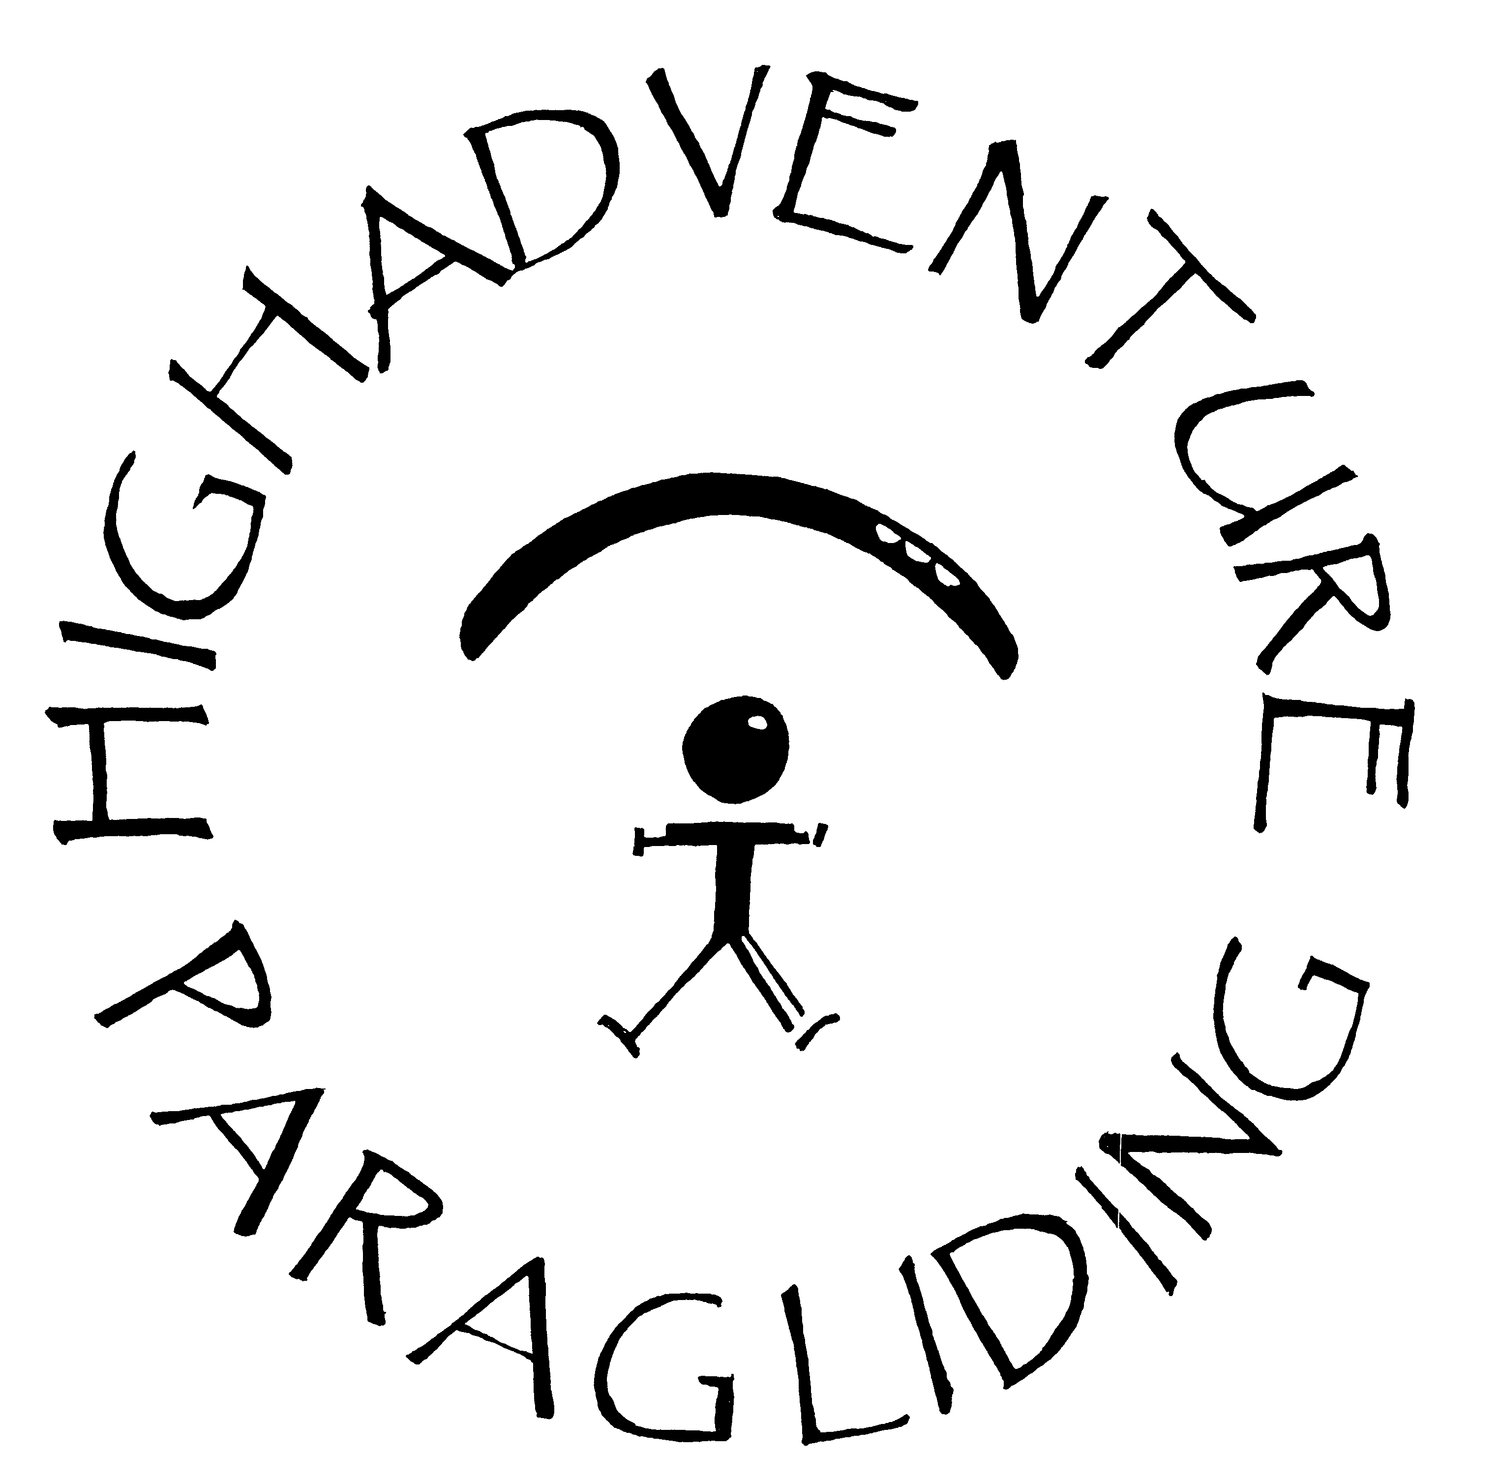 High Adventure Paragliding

* * *

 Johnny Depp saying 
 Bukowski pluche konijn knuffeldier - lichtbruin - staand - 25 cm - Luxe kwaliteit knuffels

--

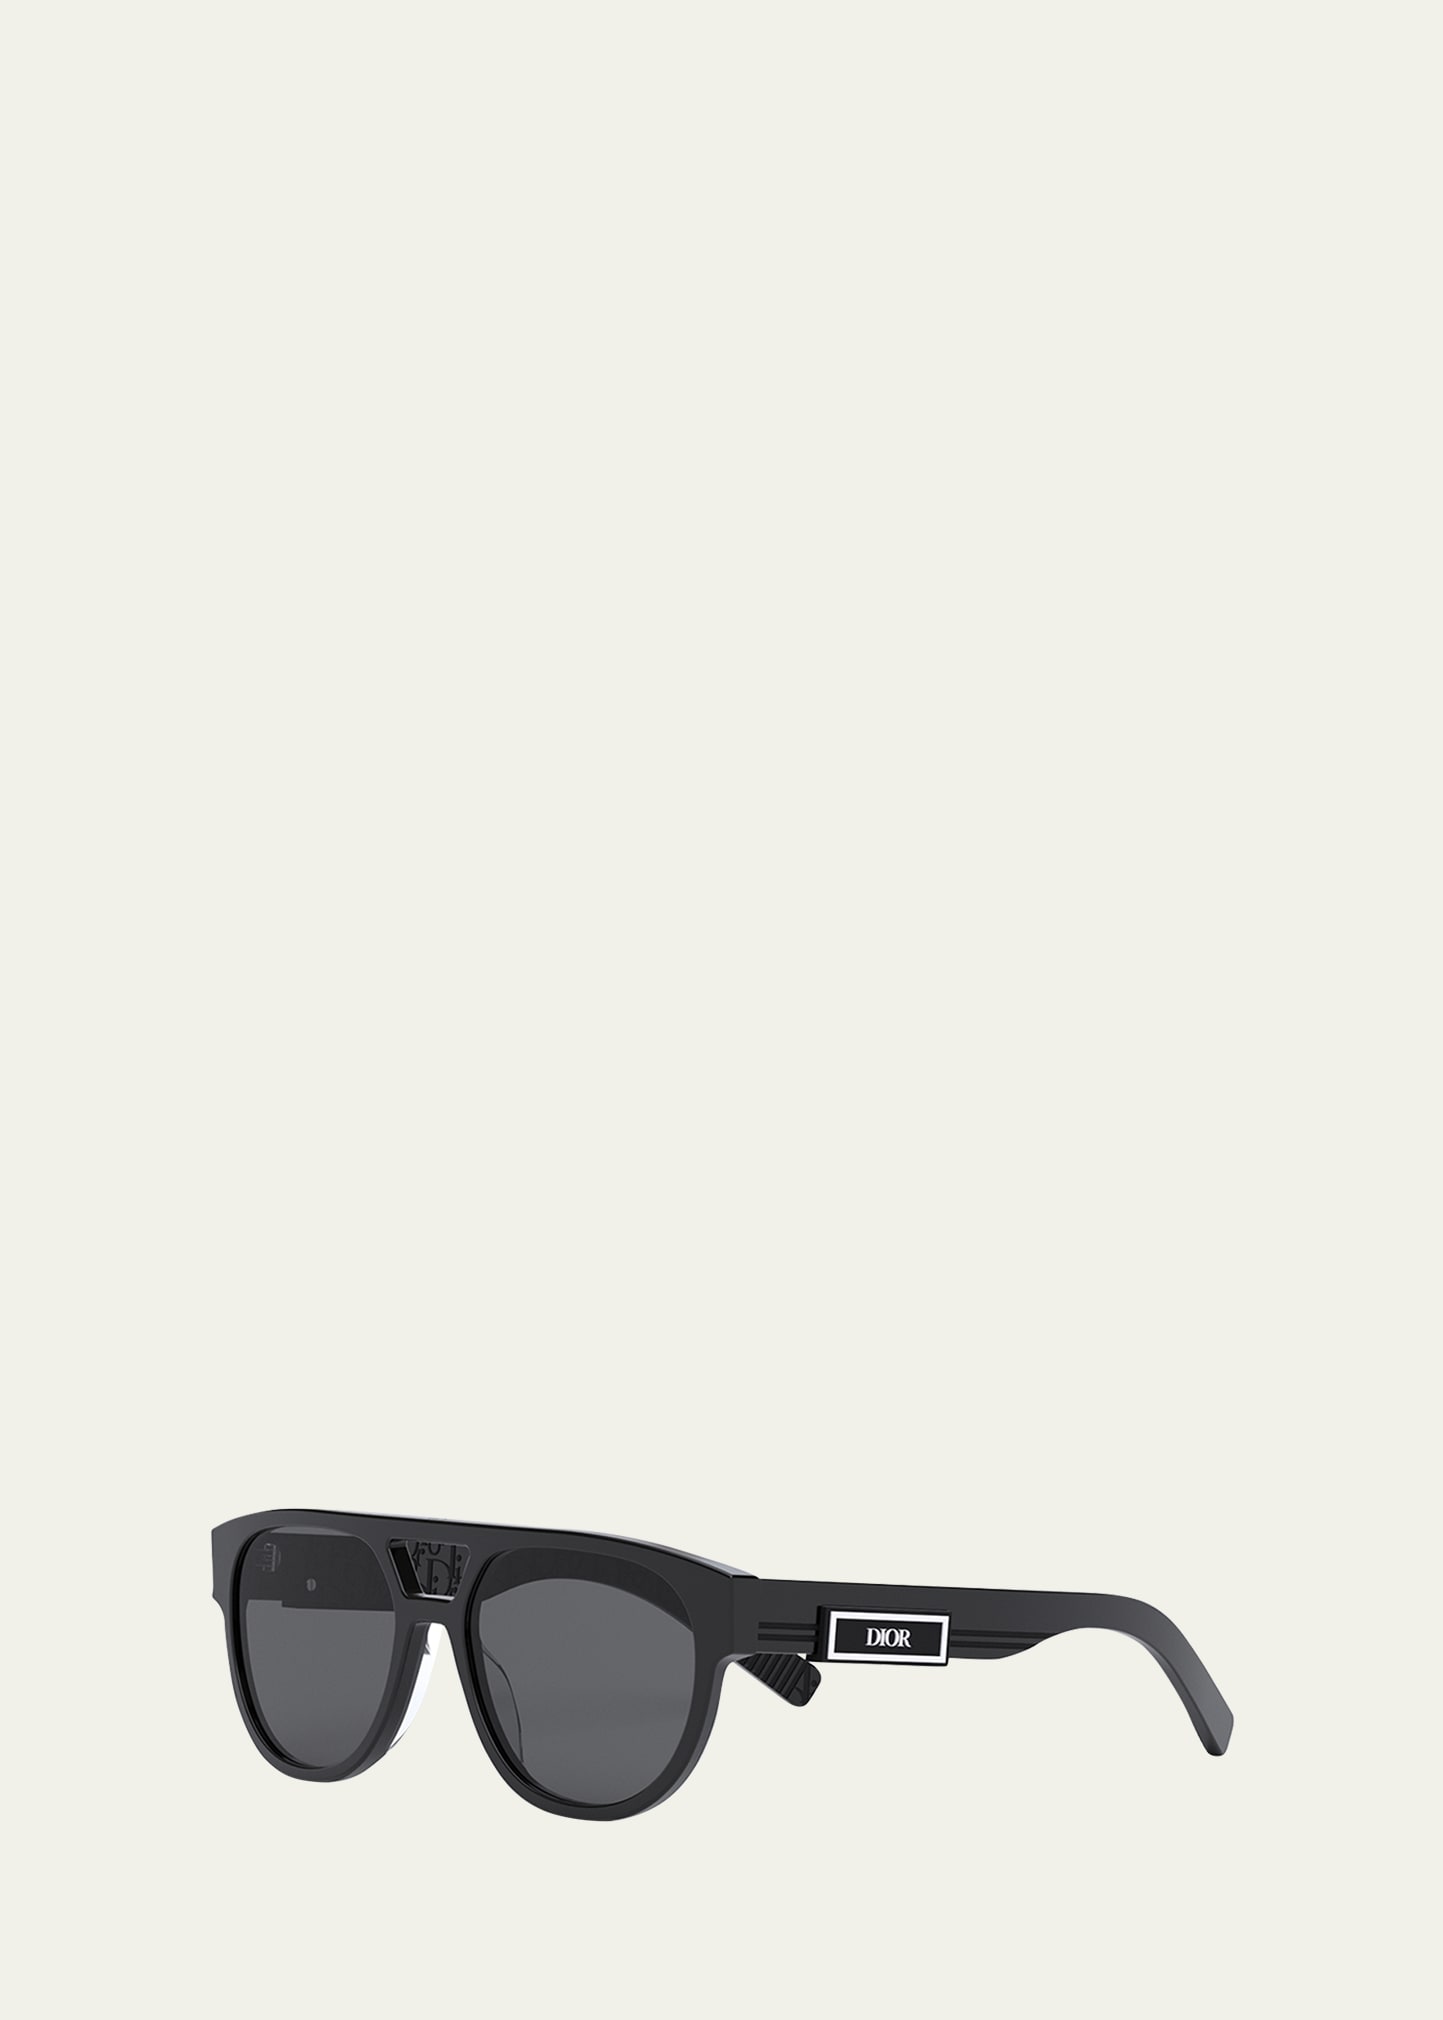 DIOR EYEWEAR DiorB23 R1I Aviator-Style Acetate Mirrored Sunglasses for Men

## Exercise brief
From the entries above, extract only the lines running from the one containing "Johnny Depp saying" through the one containing "Bukowski pluche konijn", inclusive.

## Solution for this problem
 Johnny Depp saying 
 Bukowski pluche konijn knuffeldier - lichtbruin - staand - 25 cm - Luxe kwaliteit knuffels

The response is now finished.